If the results are convincing, then they can immediately be applied to the derived version of this application for drug design in an industrial context, called MED-SuMo, a software managed by the MEDIT SME (also a partner in this project). For pharmaceutical and biotech industries, such an implementation run over a cloud computing facility opens several new applications for drug design. Rather than searching for 3D similarity into biostructural data, it will become possible to classify the entire biostructural space and to periodically update all derivative predictive models with new experimental data. The applications in that complete chemo-proteomic vision concern the identification of new druggable protein targets and thereby the generation of new drug candidates.

I/O intensive climate simulations for the Blue Waters post-Petascale machine

A major research topic in the context of HPC simulations running on post-Petascale supercomputers is to explore how to efficiently record and visualize data during the simulation without impacting the performance of the computation generating that data. Conventional practice consists in storing data on disk, moving it off-site, reading it into a workflow, and analyzing it. It becomes increasingly harder to use because of the large data volumes generated at fast rates, in contrast to limited back-end speeds. Scalable approaches to deal with these I/O limitations are thus of utmost importance. This is one of the main challenges explicitly stated in the roadmap of the Blue Waters Project (http://www.ncsa.illinois.edu/BlueWaters/ ), which aims to build one of the most powerful supercomputers in the world when it comes online in 2012.
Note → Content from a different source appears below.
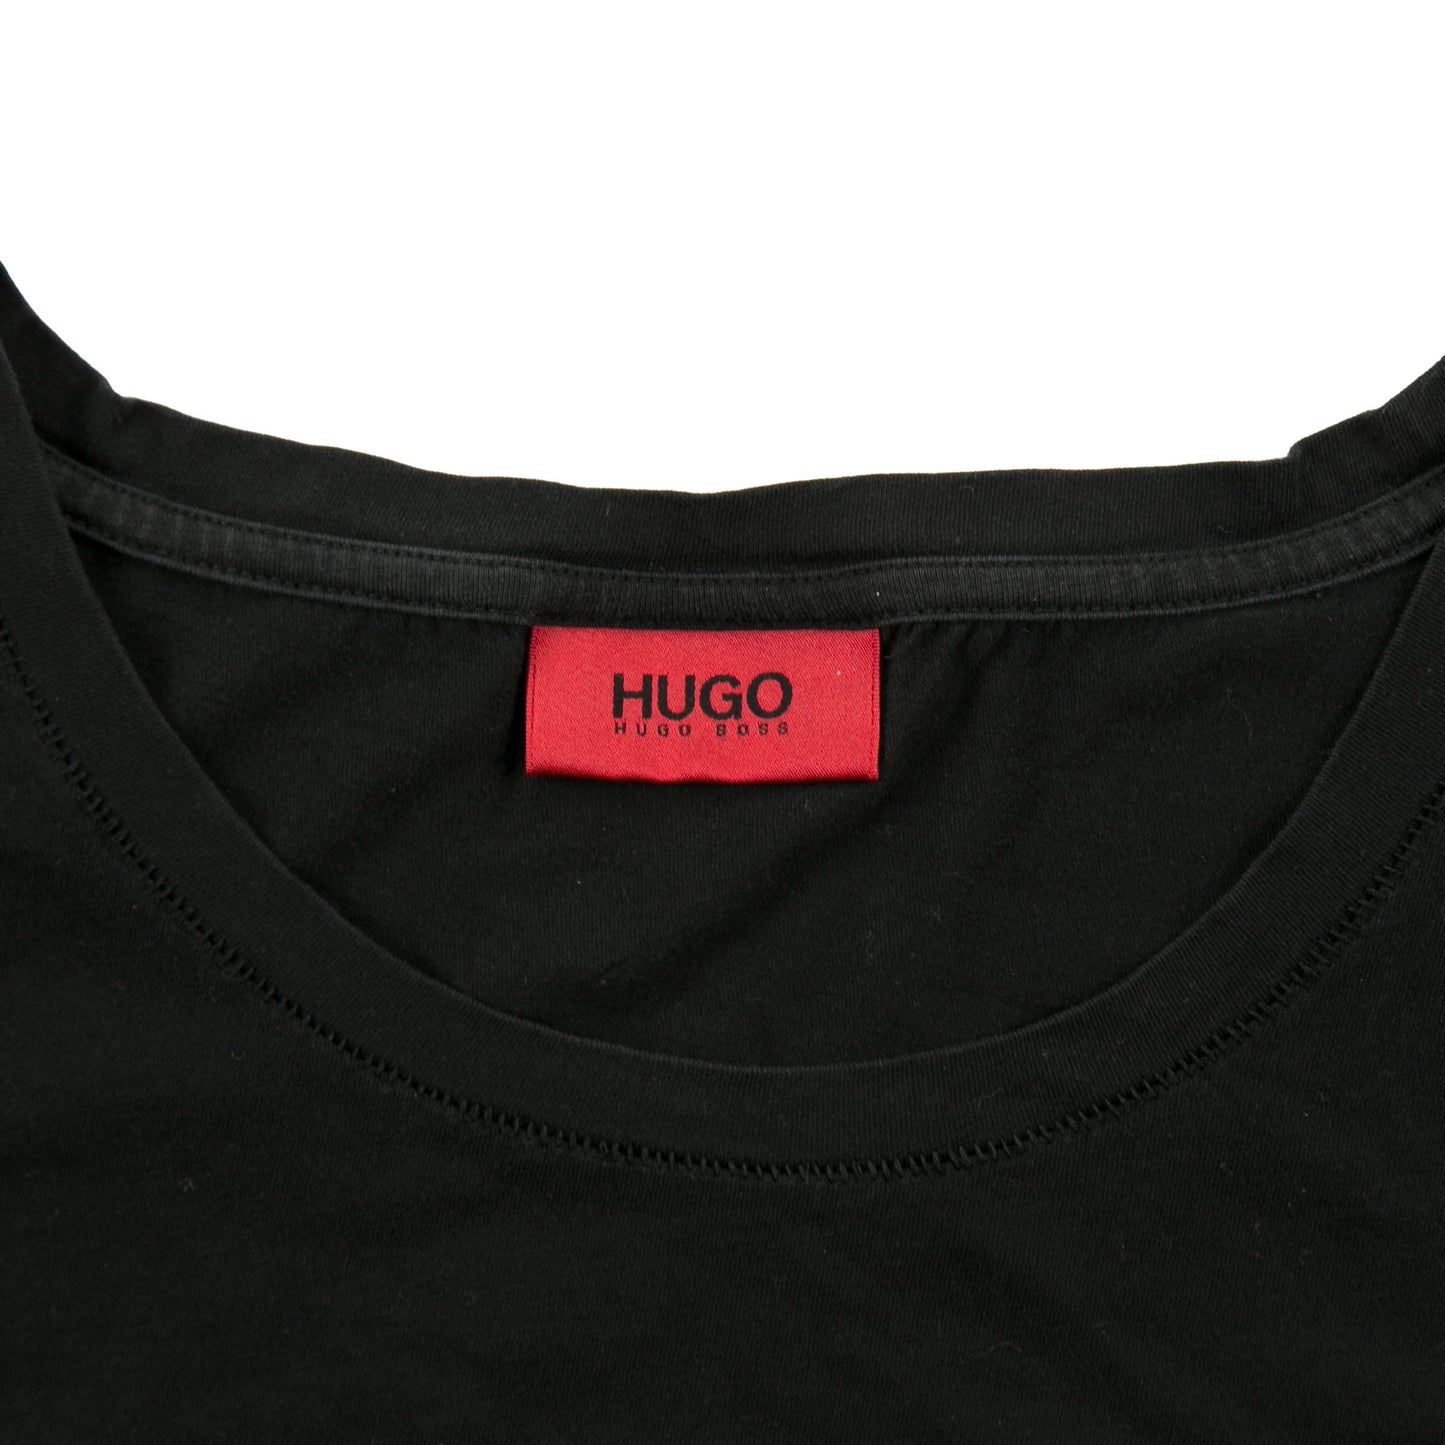 Hugo Boss - XL/TG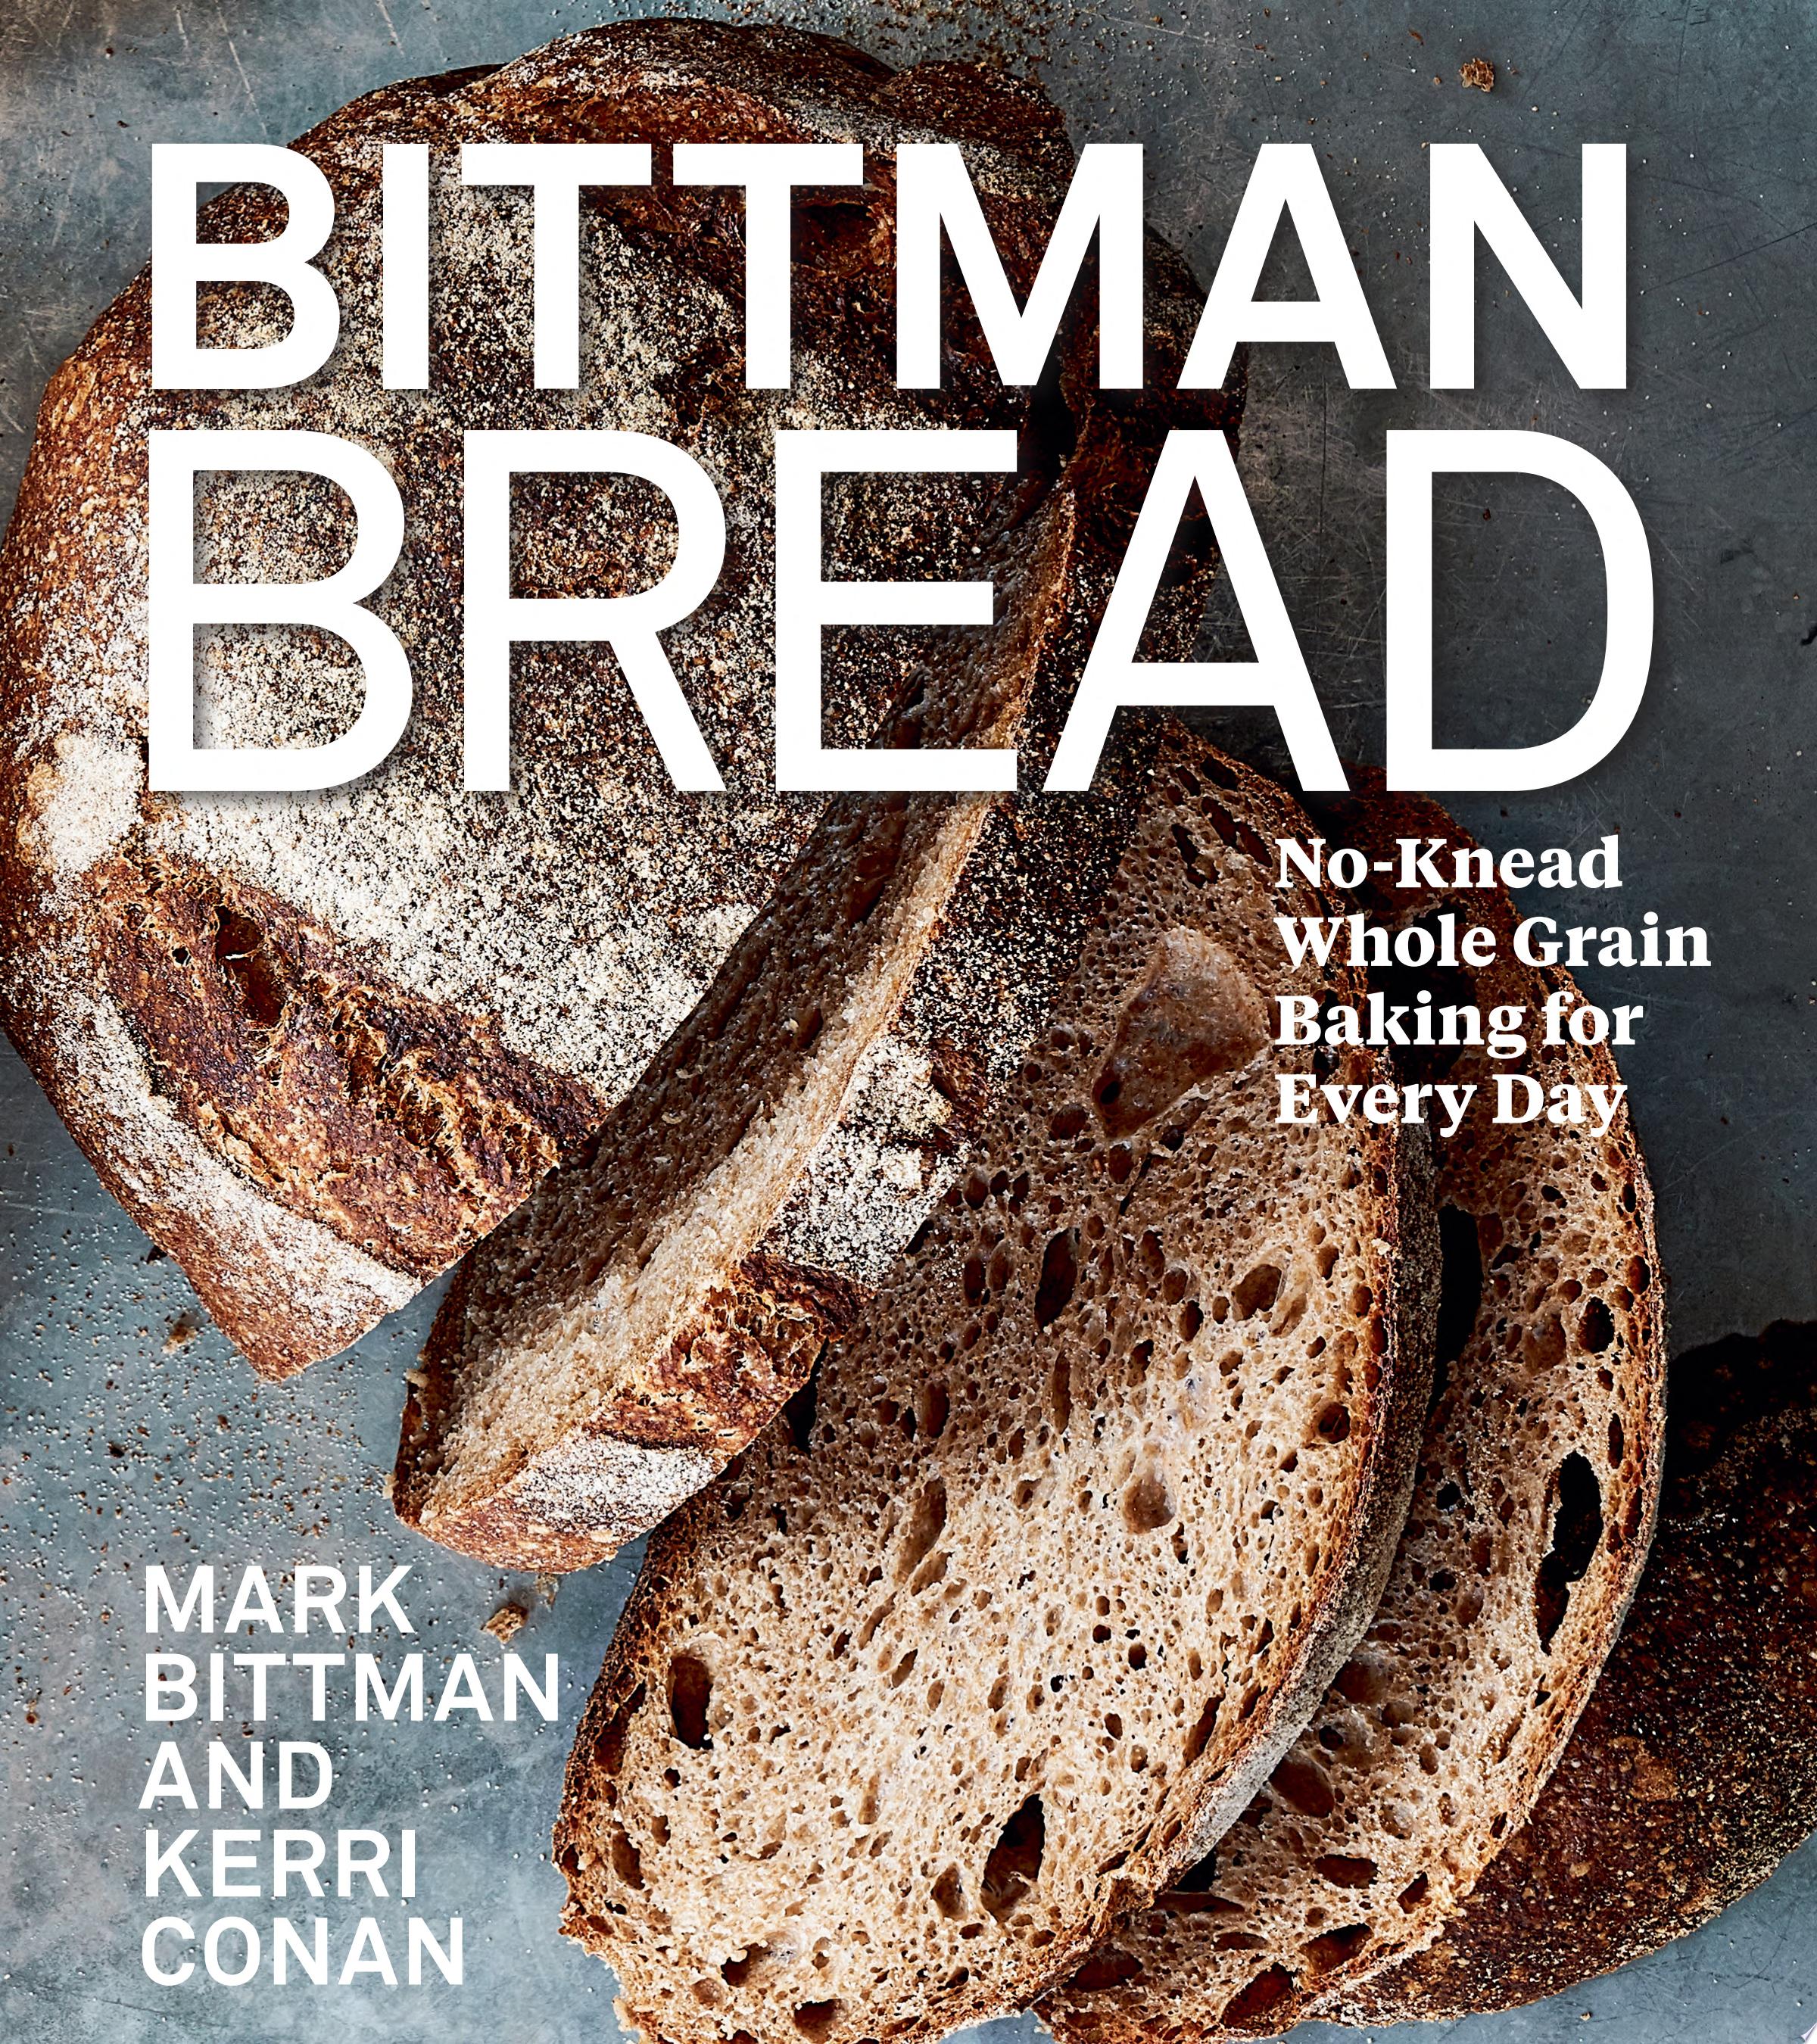 Image for "Bittman Bread"

In this context, the KerData project-team started to explore ways to remove the limitations mentioned above through a collaborative work in the framework of the Joint Inria-UIUC Lab for Petascale Computing (JLPC, Urbana-Champaign, Illinois, USA), whose research activity focuses on the Blue Waters project. As a starting point, we are focusing on a particular tornado simulation code called CM1 (Cloud Model 1), which is intended to be run on the Blue Waters machine. Preliminary investigation demonstrated the inefficiency of the current I/O approaches, which typically consists in periodically writing a very large number of small files. This causes burst of I/O in the parallel file system, leading to poor performance and extreme variability (jitter) compared to what could be expected from the underlying hardware. The challenge here is to investigate how to make an efficient use of the underlying file system by avoiding synchronization and contention as much as possible. In collaboration with the JLPC, we started to address those challenges through an approach based on dedicated I/O cores.